- ACTIVITY -
Every line of the data below is to be given again as it appears, with the images removed.

- SOURCE MATERIAL -
^^^^^^^^

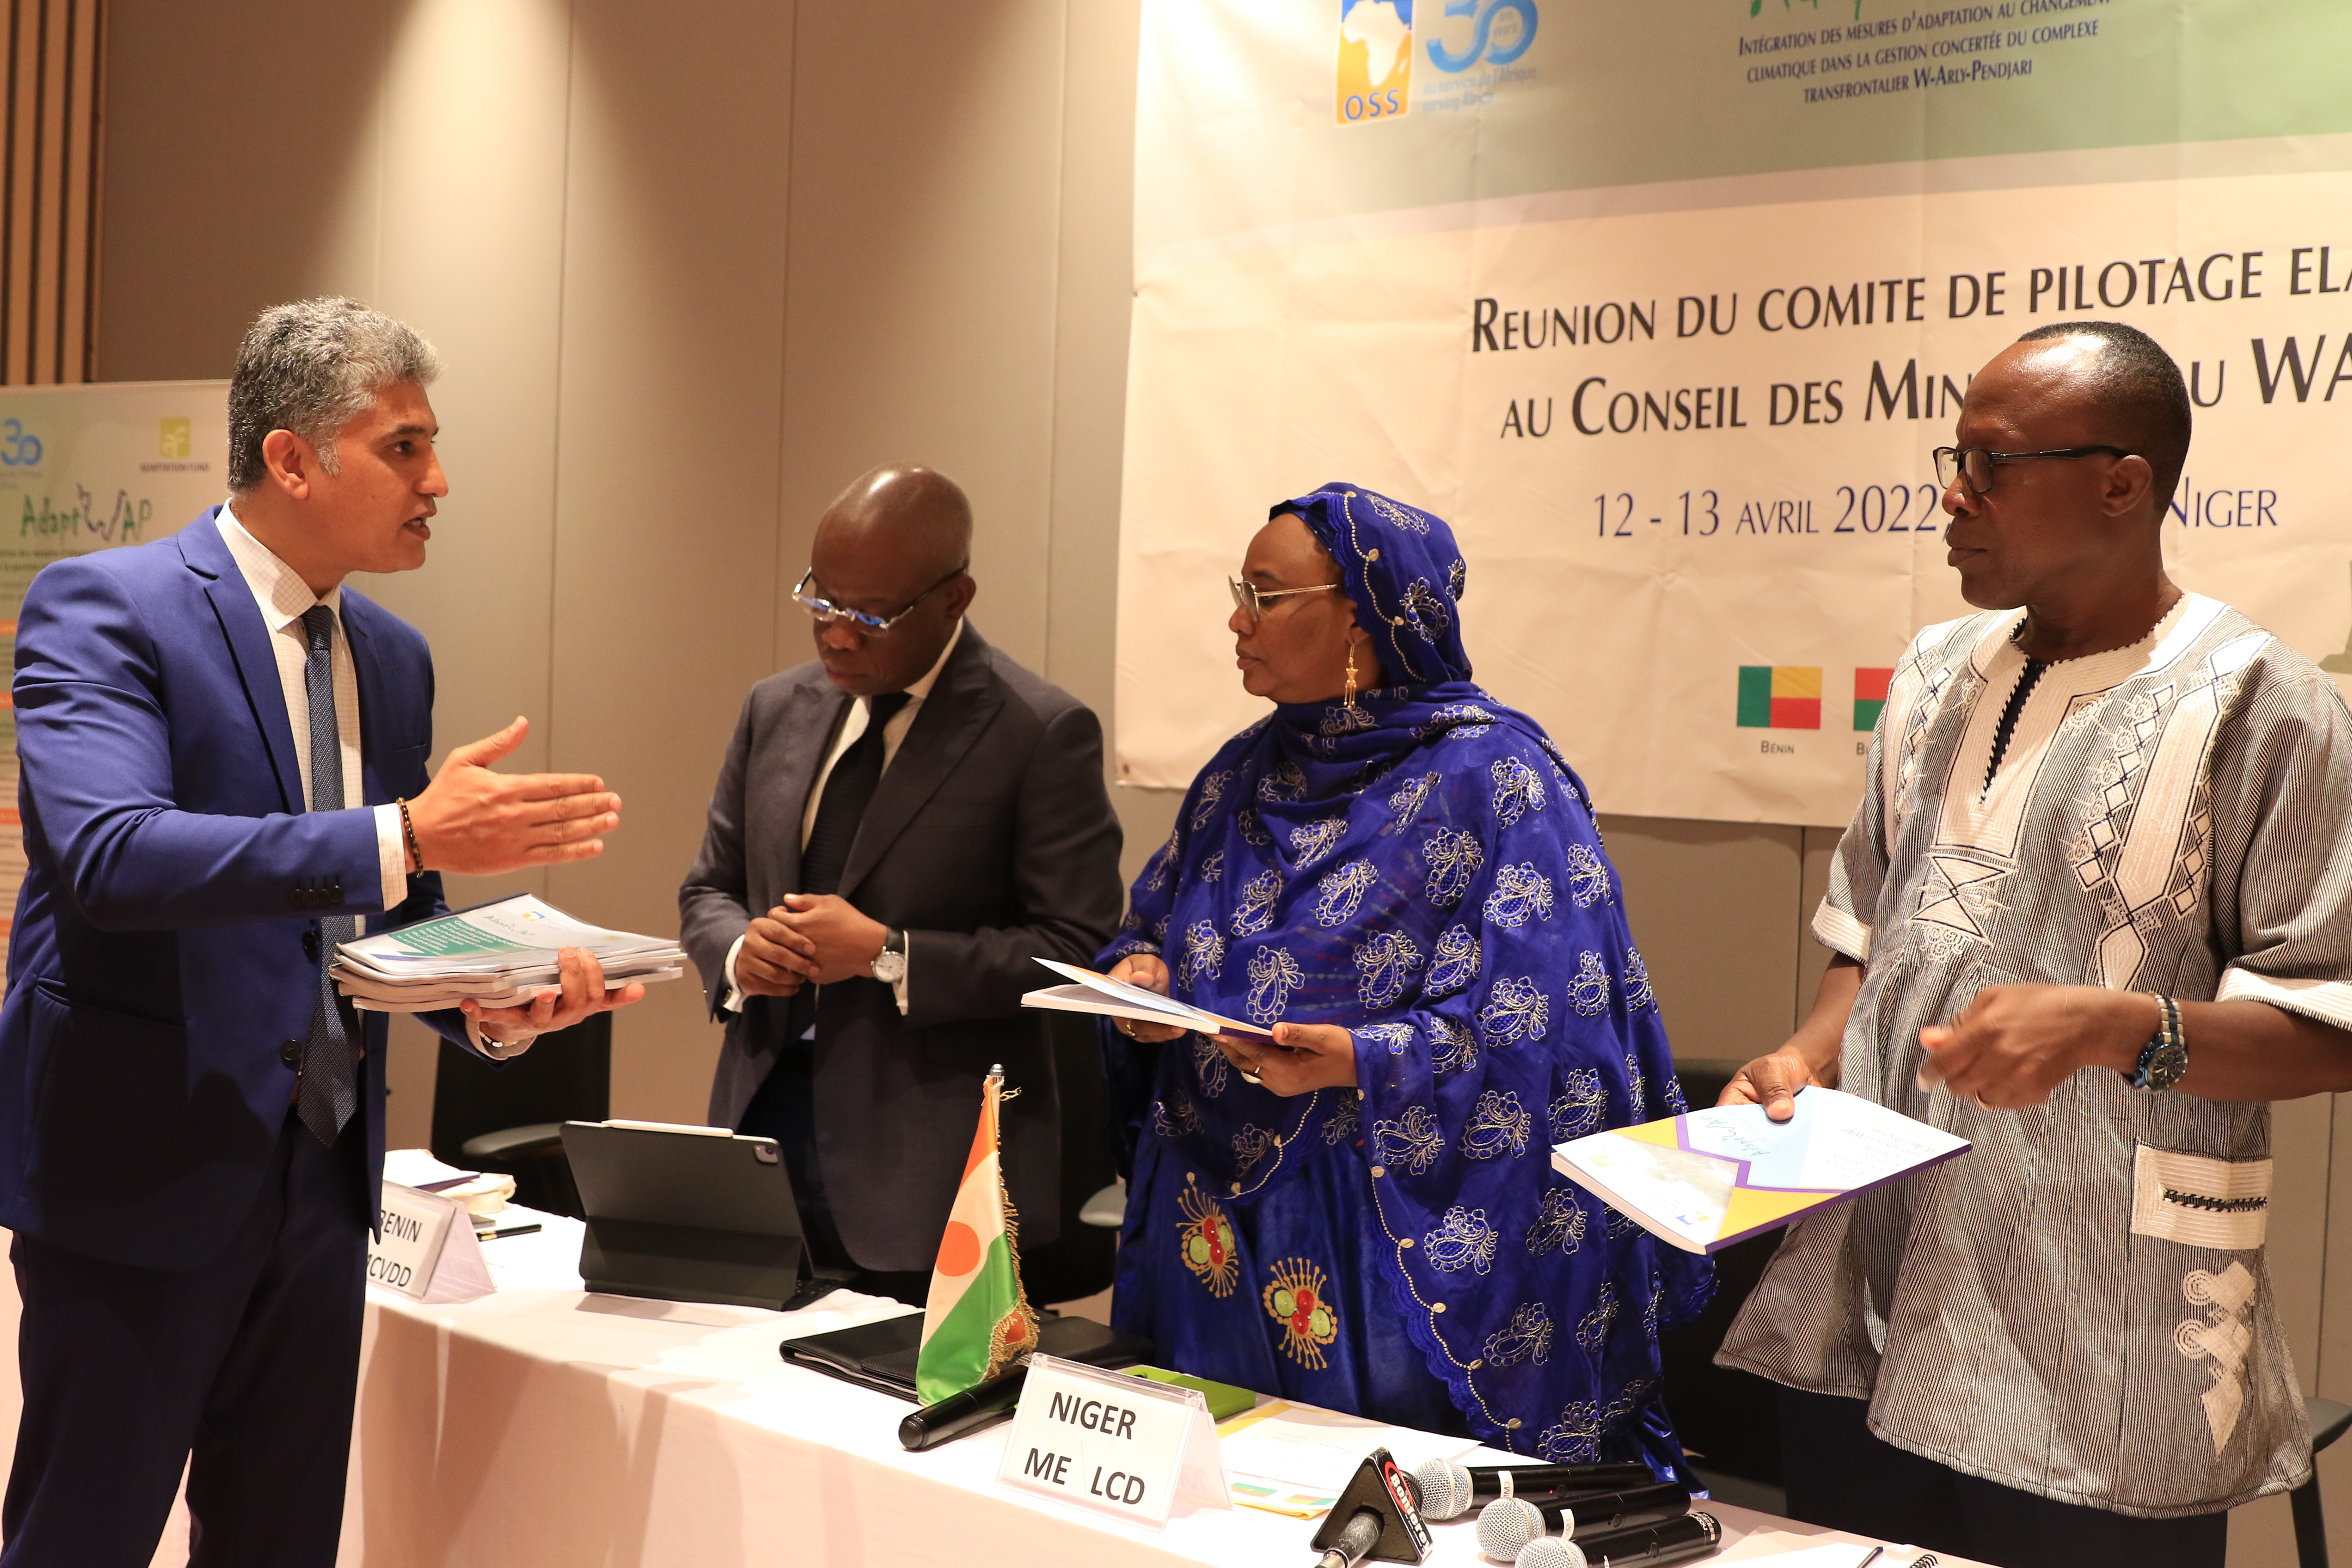  Mission de l’OSS au Niger - De belles perspectives de coopération pour l’avenir, avril 2022
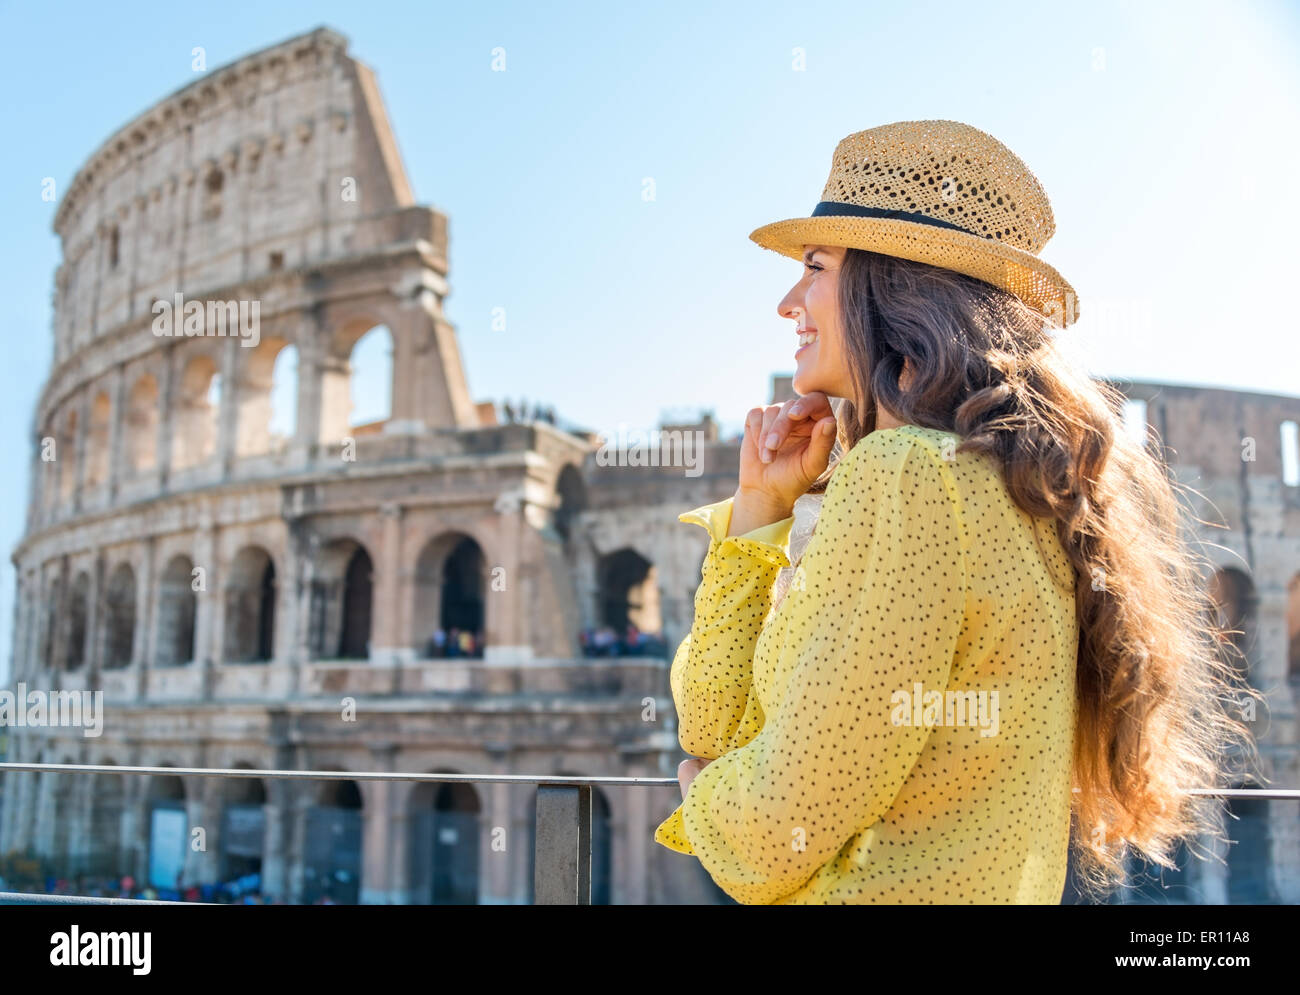 Eine Frau Tourist ist stehend, stützte sich ihr Kinn auf ihre Hände und Blick in die Ferne und lächelnd. Sie ist die Aussicht bewundern. In der Ferne, das Kolosseum an einem heißen Sommertag. Stockfoto
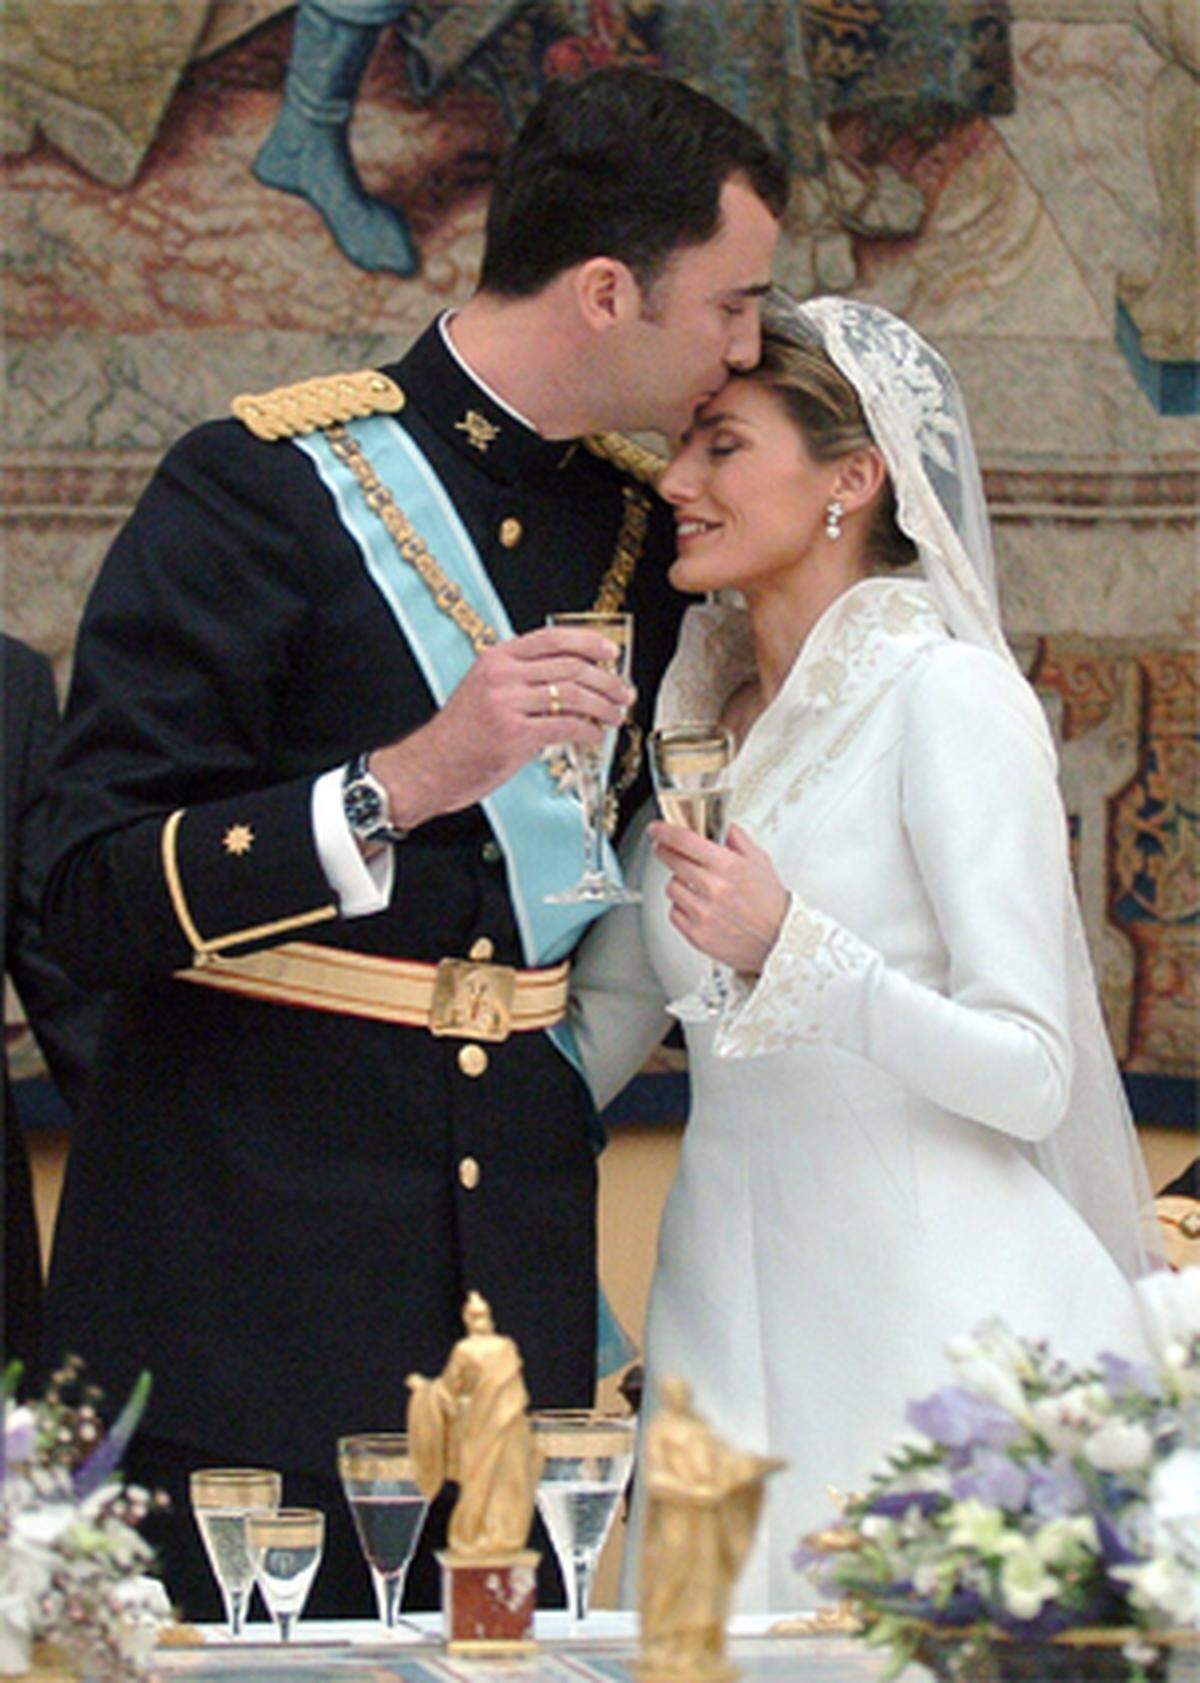 Der spanische Kronprinz Felipe und die frühere TV-Moderatorin Letizia Ortiz schließen in der Madrider Almudena-Kathedrale die Ehe. Felipe ist der erste Königssohn in der spanischen Geschichte, der eine Bürgerliche heiratet und nicht auf die Thronrechte verzichten muss.

^^^^^^^^

- RESULT FOR THIS EXERCISE -
  Mission de l’OSS au Niger - De belles perspectives de coopération pour l’avenir, avril 2022
 Eine Frau Tourist ist stehend, stützte sich ihr Kinn auf ihre Hände und Blick in die Ferne und lächelnd. Sie ist die Aussicht bewundern. In der Ferne, das Kolosseum an einem heißen Sommertag. Stockfoto
 Der spanische Kronprinz Felipe und die frühere TV-Moderatorin Letizia Ortiz schließen in der Madrider Almudena-Kathedrale die Ehe. Felipe ist der erste Königssohn in der spanischen Geschichte, der eine Bürgerliche heiratet und nicht auf die Thronrechte verzichten muss.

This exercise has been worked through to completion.